Connecting Links with Jamestown and New
England
Following his marriage to Elizabeth Throckmorton,
which displeased the Queen, Raleigh remained out of favor until after
the capture of Cadiz, in 1596, in which he had participated. Upon the
accession of King James I, in 1603, he again lost favor at Court and on
July 16, 1603, was imprisoned in the Tower of London on the charge of
having conspired to place Arabella Stuart on the throne instead of
James. At the trial in November, Raleigh, along with Lords Cobham and
Grey, was convicted and condemned to death. The lives of all three were
dramatically spared at the last minute, but the conviction and sentence
of death against Raleigh were allowed to stand and he remained in prison
in the Tower until 1616.
One consequence of the conviction of Raleigh was the
loss of any rights that he might still have had under the patent of 1584
giving him the sole right to colonize the vast territory called
Virginia. The patent had obligated him to settle Virginia within 6 years
but so long as the mystery of the Lost Colonists remained unsolved,
Raleigh could allege that his colonists might be living somewhere in
Virginia and that in consequence his rights under the Charter of Queen
Elizabeth were still in force.
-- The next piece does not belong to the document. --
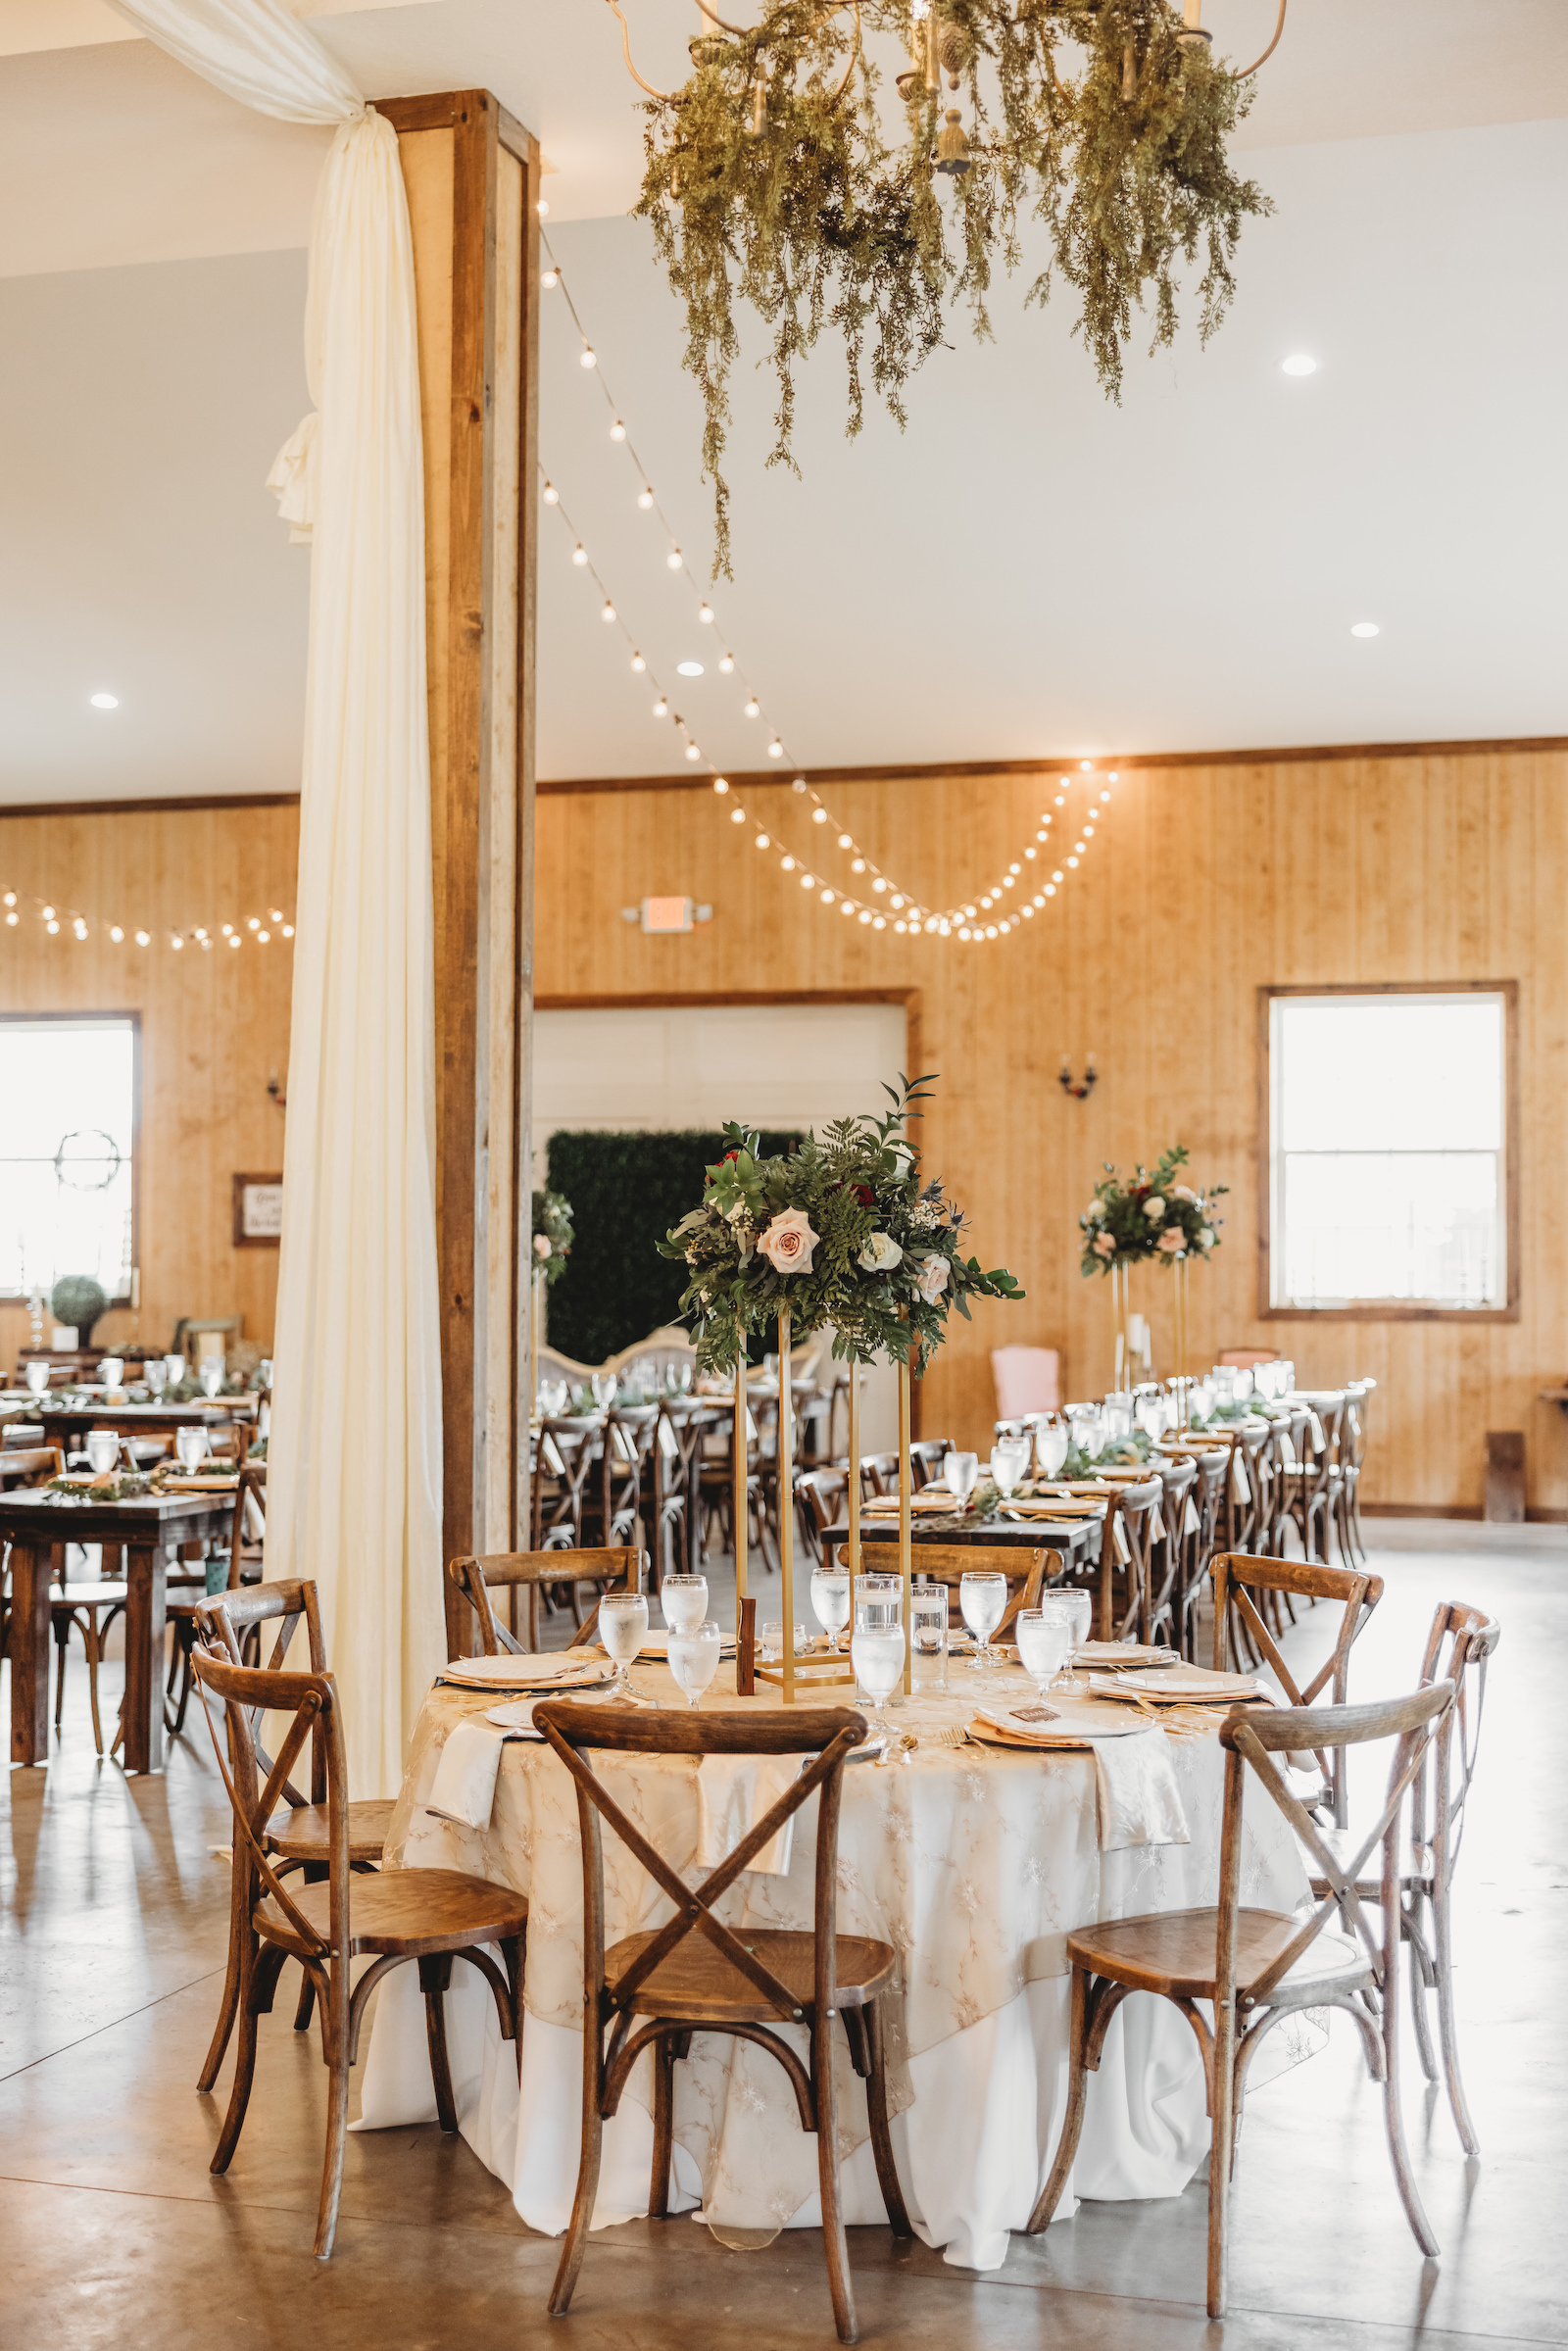 Rustic Wedding Reception with Greenery Tablescapes and Gold Tall Floral Centerpieces with Pink Roses and Greenery | Rustic Wedding with Gold Accents Tampa Bay Covington Farm
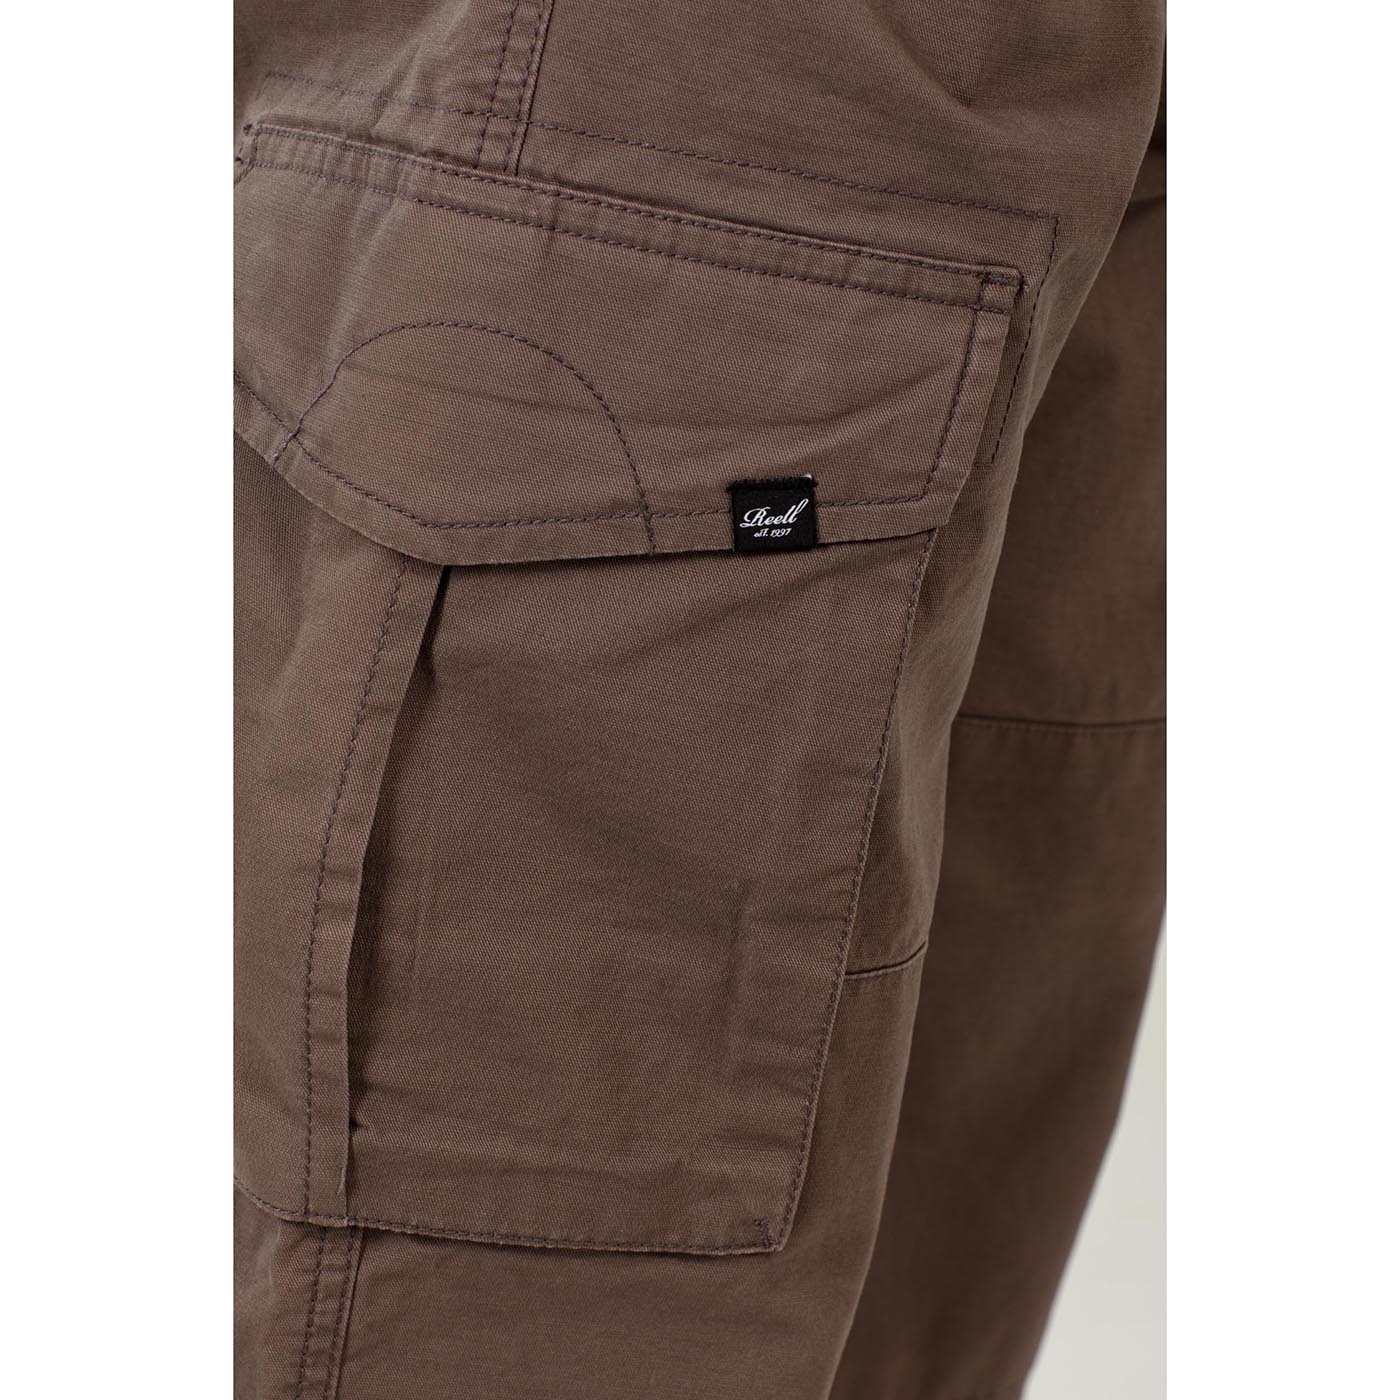 Reell Jeans Flex Cargo LC Pant Brown

These claims he asserted as late as 1603.
In fact, the abolition of Raleigh's claims appears to have been one of
the outstanding consequences of the Cobham plot trails. Because his
patent was now clearly lost and because of his imprisonment, Raleigh was
unable to participate in the movement that culminated in the settlement
of Virginia in 1607. Yet this movement, and the movement to settle New
England, had close ties with him. Among the leading spirits behind the
later successful Virginian enterprise were Richard Hakluyt and Sir
Thomas Smythe, two of those to whom Raleigh had deeded his interest in
the Lost Colony undertaking on March 7, 1589. Likewise, among the early
leaders of the North Virginia, or Plymouth, group were Raleigh Gilbert
and Sir John Gilbert, sons of Raleigh's half-brother, Sir Humphrey
Gilbert. Raleigh Gilbert participated in the effort to plant a
settlement on the Kennebec River in Maine in 1607 and was a member of
the Plymouth Company as late as 1620.